In your copy, leave out the pictures and reproduce the listing below exactly.

Dataset content:
Segment Open
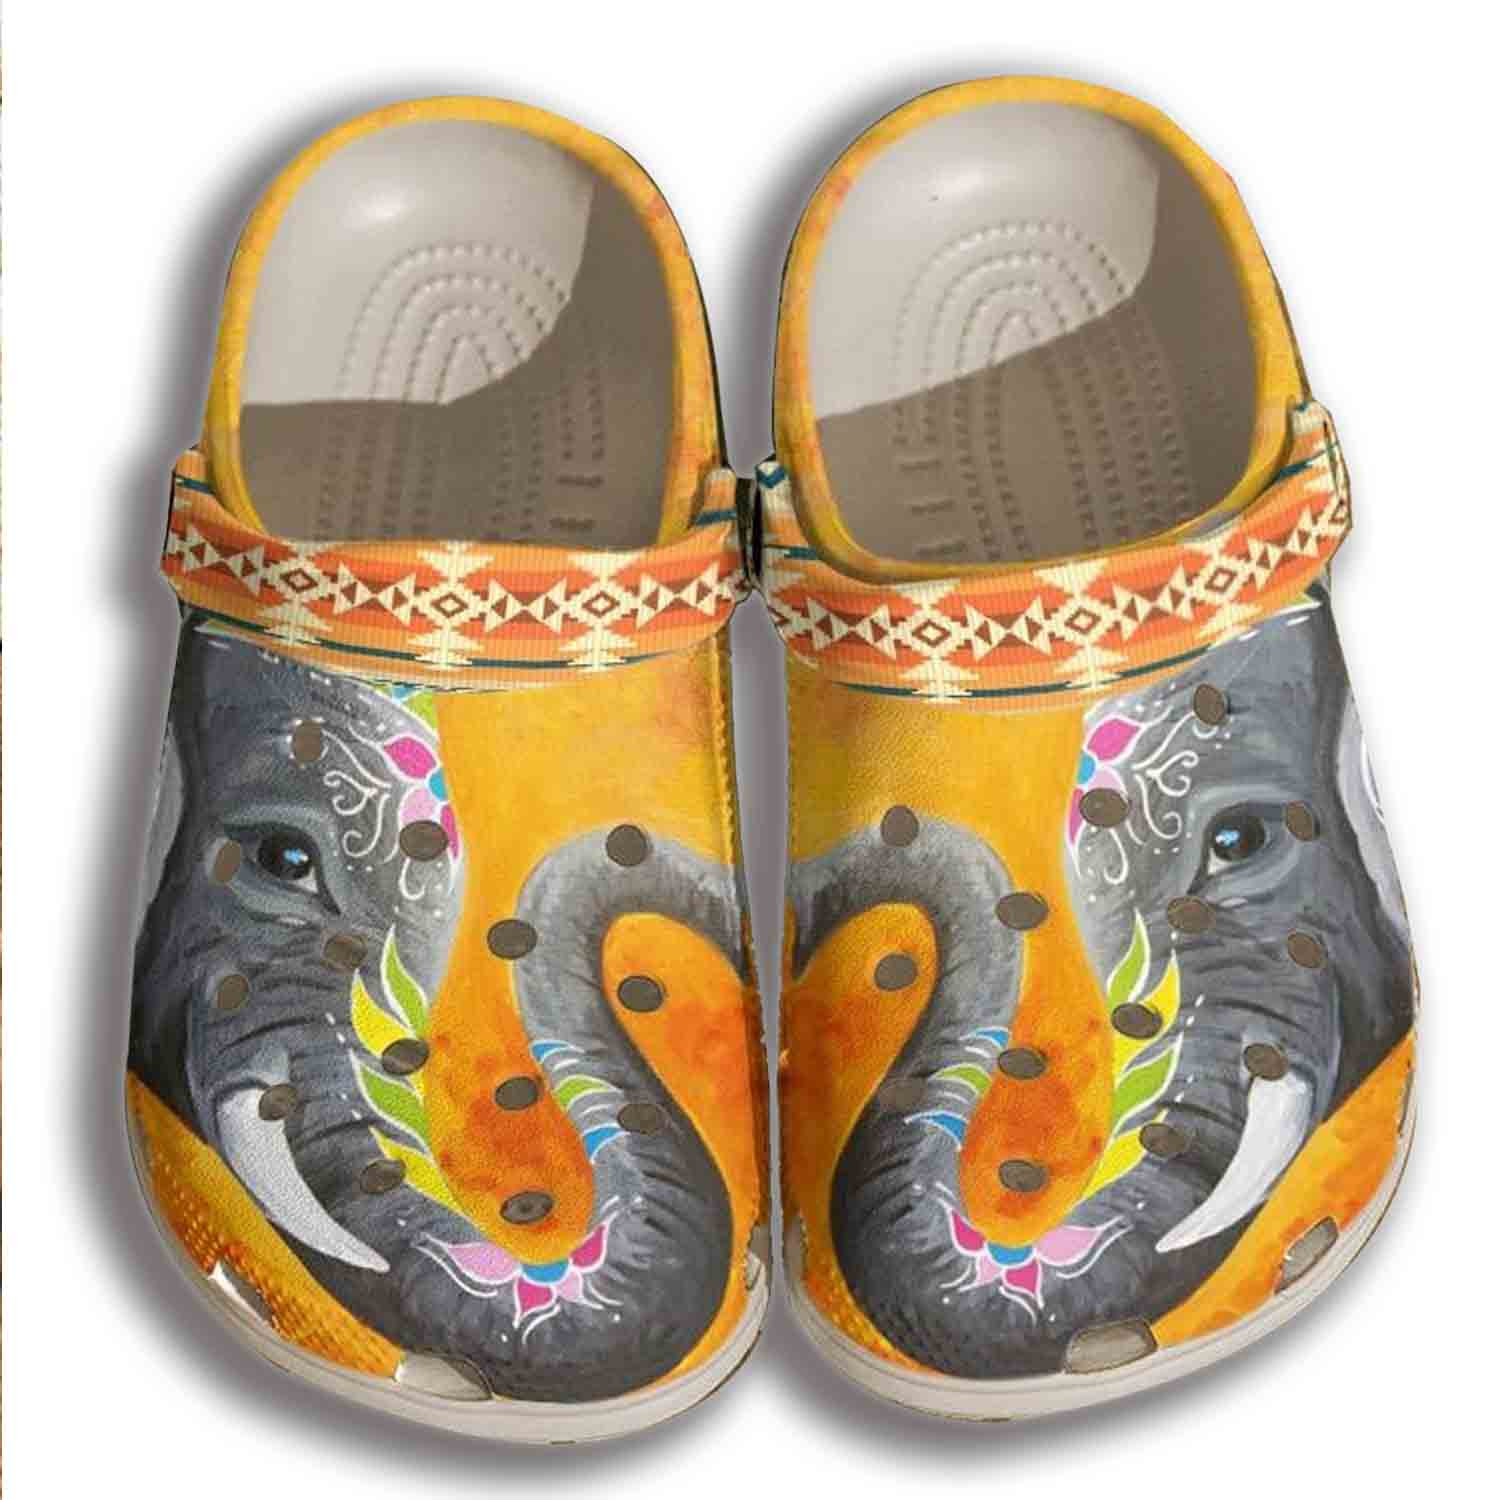 Elephant Artist Croc Crocs Shoes Women - Hippie Crocs Shoes Crocbland Clog Birthday Gifts For Niece Daughter
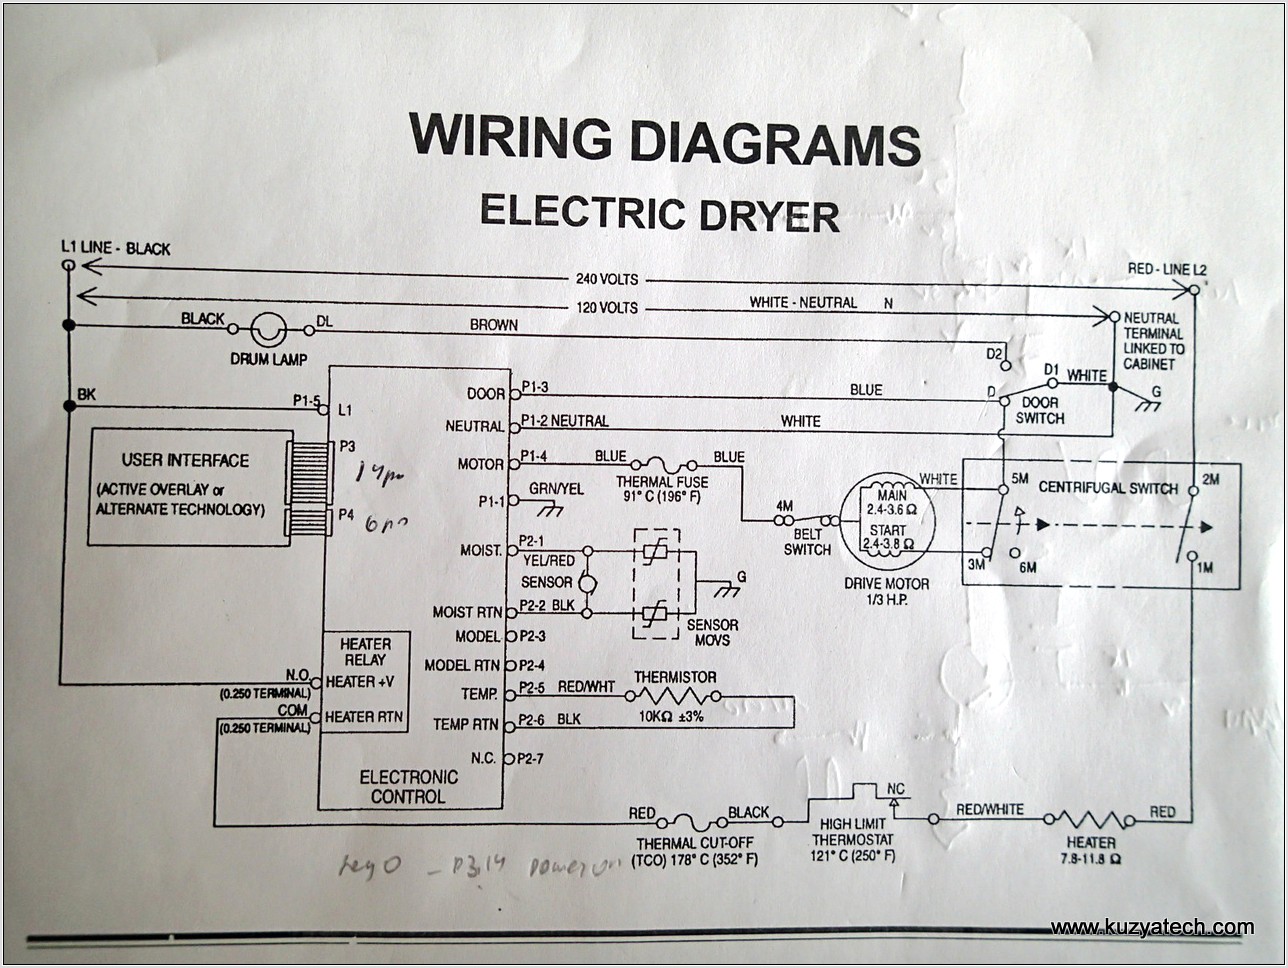 Whirlpool Dryer Wiring Diagram
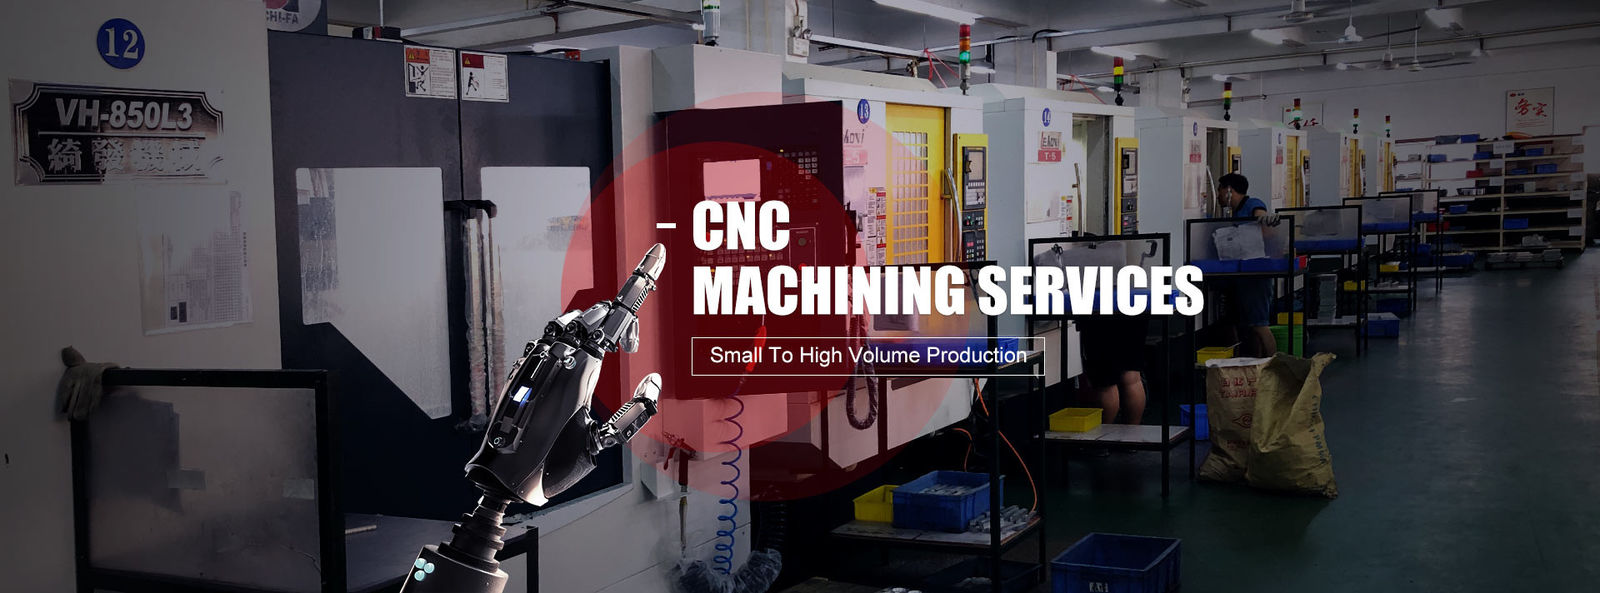 quality Precision CNC Parts factory
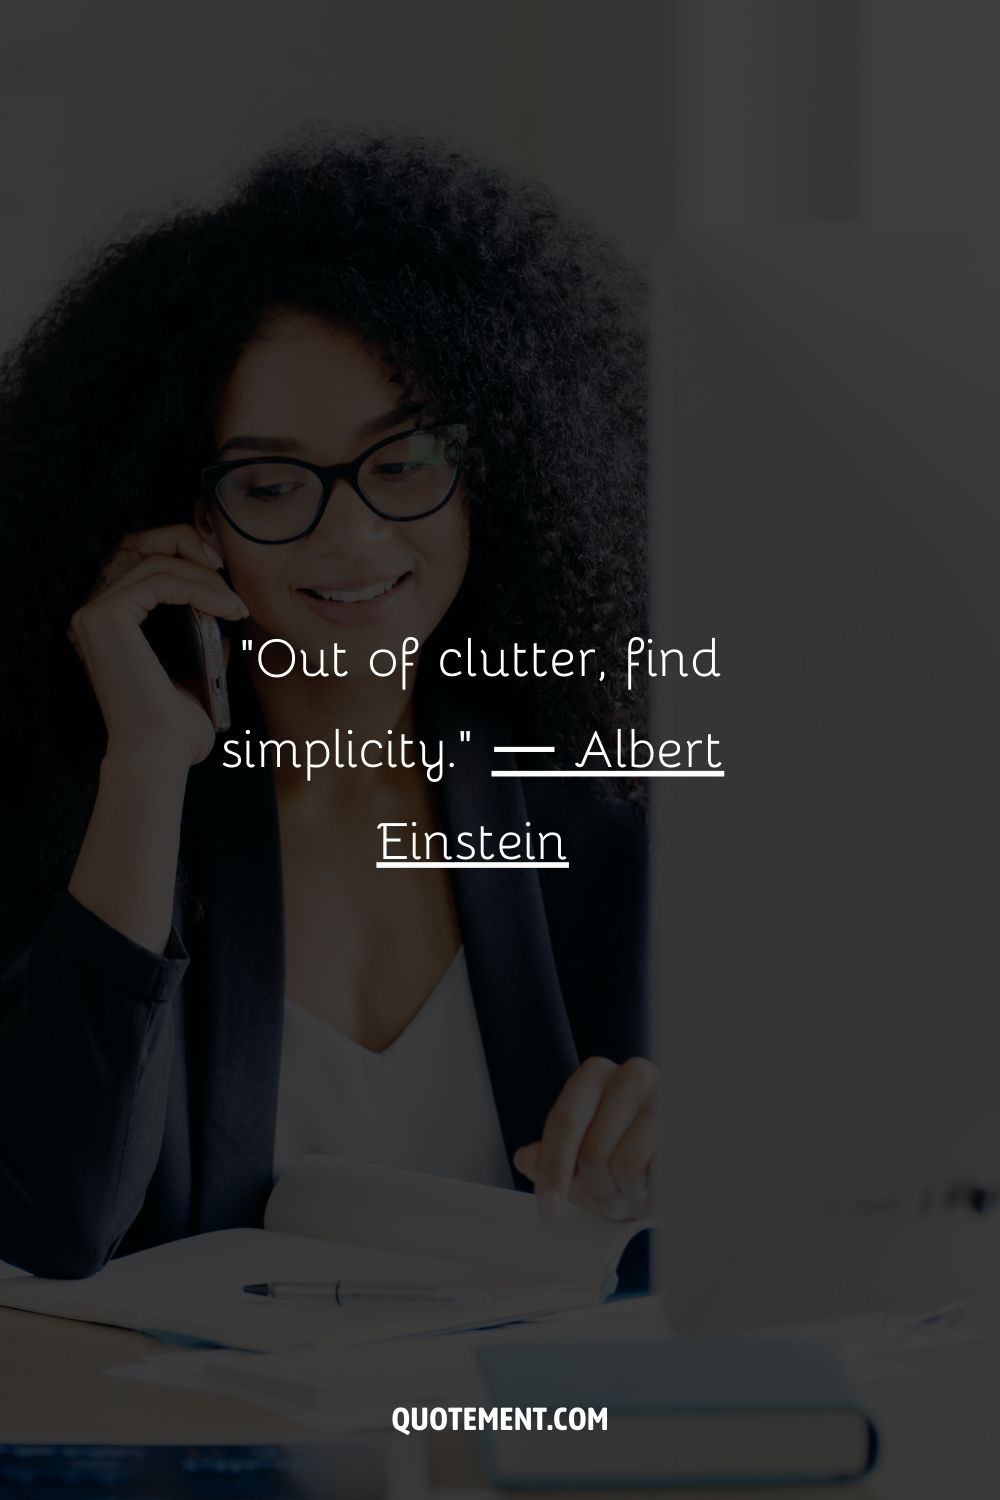 “Out of clutter, find simplicity.” ― Albert Einstein
Segment Closed
The completed task:
 Elephant Artist Croc Crocs Shoes Women - Hippie Crocs Shoes Crocbland Clog Birthday Gifts For Niece Daughter
 Whirlpool Dryer Wiring Diagram
 quality Precision CNC Parts factory
 “Out of clutter, find simplicity.” ― Albert Einstein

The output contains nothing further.